------ ENTRIES SHOWN

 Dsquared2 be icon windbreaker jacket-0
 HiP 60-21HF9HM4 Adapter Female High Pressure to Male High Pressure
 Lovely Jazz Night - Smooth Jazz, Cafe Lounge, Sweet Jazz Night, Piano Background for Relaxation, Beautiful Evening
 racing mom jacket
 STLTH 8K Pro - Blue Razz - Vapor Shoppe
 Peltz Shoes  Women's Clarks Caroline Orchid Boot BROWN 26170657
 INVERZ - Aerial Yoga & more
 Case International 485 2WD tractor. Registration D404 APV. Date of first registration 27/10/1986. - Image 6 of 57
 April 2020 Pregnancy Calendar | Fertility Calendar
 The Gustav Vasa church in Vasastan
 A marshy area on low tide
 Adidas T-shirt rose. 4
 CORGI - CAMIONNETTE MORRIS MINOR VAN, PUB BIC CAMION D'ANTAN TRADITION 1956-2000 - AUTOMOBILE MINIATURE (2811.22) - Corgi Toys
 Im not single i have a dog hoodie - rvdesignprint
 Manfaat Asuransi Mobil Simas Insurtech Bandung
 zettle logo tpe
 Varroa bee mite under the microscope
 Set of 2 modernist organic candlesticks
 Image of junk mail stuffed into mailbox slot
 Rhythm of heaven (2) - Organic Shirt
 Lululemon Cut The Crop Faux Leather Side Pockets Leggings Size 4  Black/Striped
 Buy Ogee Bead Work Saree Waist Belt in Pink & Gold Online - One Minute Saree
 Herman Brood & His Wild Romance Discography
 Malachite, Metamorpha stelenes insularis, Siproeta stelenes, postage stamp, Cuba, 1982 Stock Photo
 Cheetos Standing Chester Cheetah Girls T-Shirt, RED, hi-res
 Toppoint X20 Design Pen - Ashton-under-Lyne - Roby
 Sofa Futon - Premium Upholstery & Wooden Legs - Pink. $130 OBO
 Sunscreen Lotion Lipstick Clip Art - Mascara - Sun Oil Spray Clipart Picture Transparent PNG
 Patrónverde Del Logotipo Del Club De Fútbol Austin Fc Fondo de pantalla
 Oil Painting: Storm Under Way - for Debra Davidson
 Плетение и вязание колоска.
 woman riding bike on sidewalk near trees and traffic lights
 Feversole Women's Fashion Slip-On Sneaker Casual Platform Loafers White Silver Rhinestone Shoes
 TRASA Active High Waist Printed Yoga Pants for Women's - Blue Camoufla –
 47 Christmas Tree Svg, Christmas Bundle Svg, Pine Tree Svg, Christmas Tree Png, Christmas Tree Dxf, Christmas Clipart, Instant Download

------------

In these entries, please give the number of lines holding the string "Shoes" and nothing more.

2